The Mansion of Harry Potter: Lessons in Law from the High Court’s ‘Vacation Mode’


 

The judicial and academic calendars clash every year. April and May mark the mid-summer vacation, during which the High Court and the civil courts across the state transition into "vacation mode." Under the High Court Act, vacation sittings are typically limited to two days a week, with only a few benches convened to hear extremely urgent matters.

This period corresponds exactly with academic vacations, when regular classes at law universities and colleges are suspended. While students are required to complete their mandatory internships during this break, this "Big Bang" collision of schedules puts those choosing the High Court of Kerala at a significant disadvantage. By the time students begin their month-long break, the courts have already moved into the standby mode mentioned above, depriving them of the full experience of a functioning court.

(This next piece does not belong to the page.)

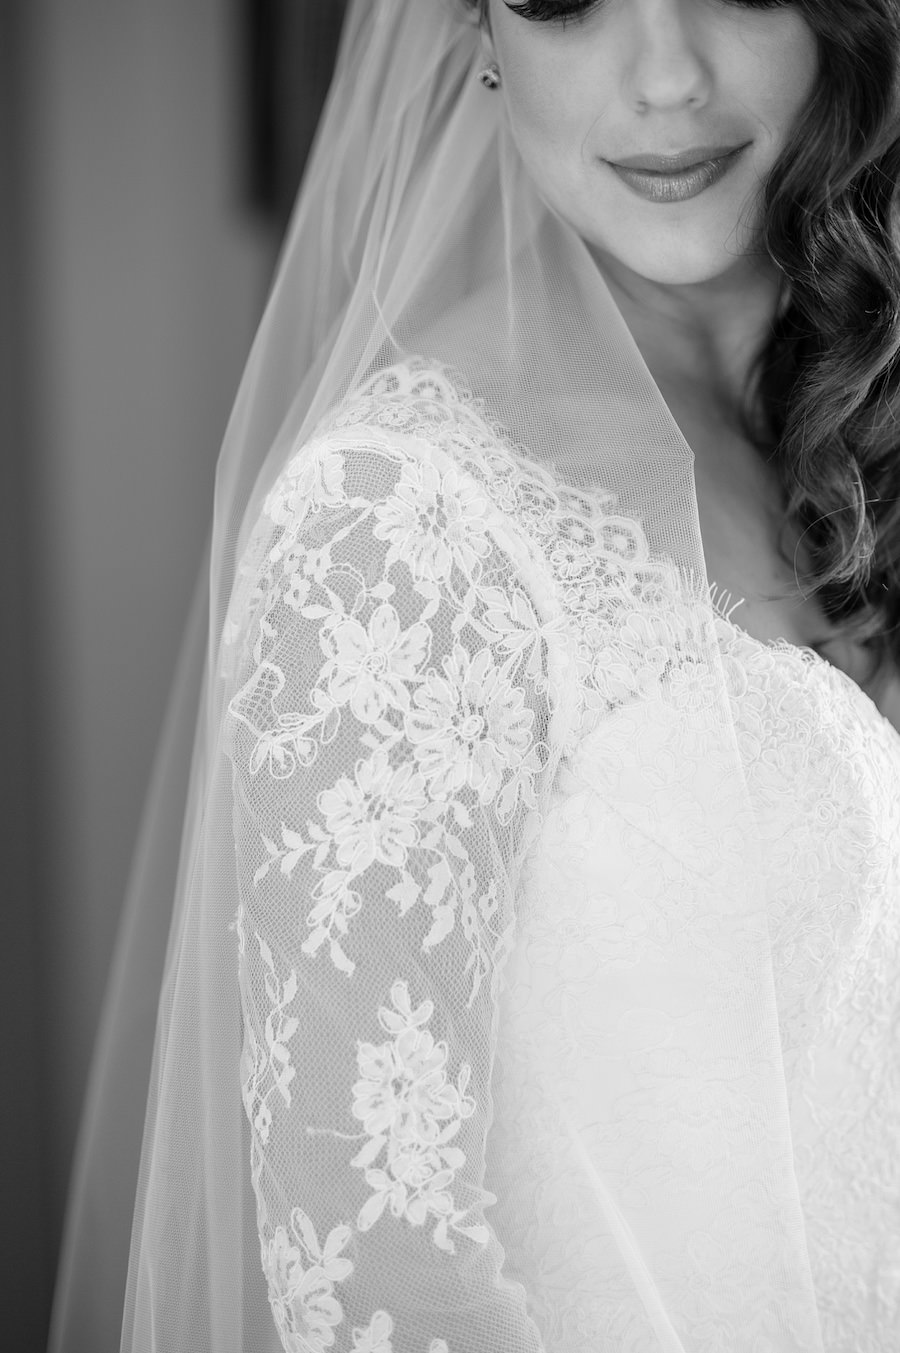 Bridal Wedding Dress Detail | Ivory, Lace Long Sleeve Wedding Dress and Chapel Veil

This year, the victims of this calendar confusion were three young interns from the MCT College of Legal Studies, Melmuri, Malappuram: Saniya Afsal Kanakkovil (4th year BBA LLB), Fahima K., and Rajeena C.M. (both 2rd year LLB). I was greeted by the happy faces of these energetic young women, all appearing deeply committed and ready to explore the workings of the High Court.

I understood that they had been planning this internship for a long time, as I had received a recommendation from my colleague, Adv. Sufiyan Cheruvadi, a lawyer-turned-politician. However, I remained doubtful about how much they could truly gain. Their proposed start date was April 2nd, leaving us with only two weeks of regular court functioning. To make matters worse, the schedule was further squeezed by long weekends during Holy Week and the interruptions of the legislative general elections.

By the time they met me, only four working days remained. It was a sobering realization: traveling to the High Court while it was in full swing might never happen for them again, as future internship requirements might force them to choose different destinations.

During that first meeting, we made a conscious decision to plan our days rather than complain, aiming to overcome this little hurdle together. To complain or mourn for what "might have been" is a common reaction, but to adapt and overcome a difficult situation is heroic. I wanted them to belong to that second category.

Our strategy wasn't just about managing our limited time; it was about leveraging technology extensively to bridge the gap. We realized that even if the physical courtrooms were transitioning to a slower pace, the digital archives, virtual hearings, and online legal research tools could provide a depth of exposure that would help us reclaim the lost weeks of a traditional internship.

On day one, we had a matter listed before Court 1C. The interns were briefed that this was the third court on the first floor, as the numbering starts with 1A. They were eager to head straight to the courtroom, but I stopped them for a vital pre-session briefing.

My opening remarks were clear: before attending a physical session in any court, there is "homework" to be done. The first step is a fundamental study of the Rule of Law. It is essential to understand that the High Court itself is bound by the very rules it interprets; it operates strictly within the ambit of the laws that govern its existence. Everyone manning this institution, from the Registry to the Bench, is governed by this principle.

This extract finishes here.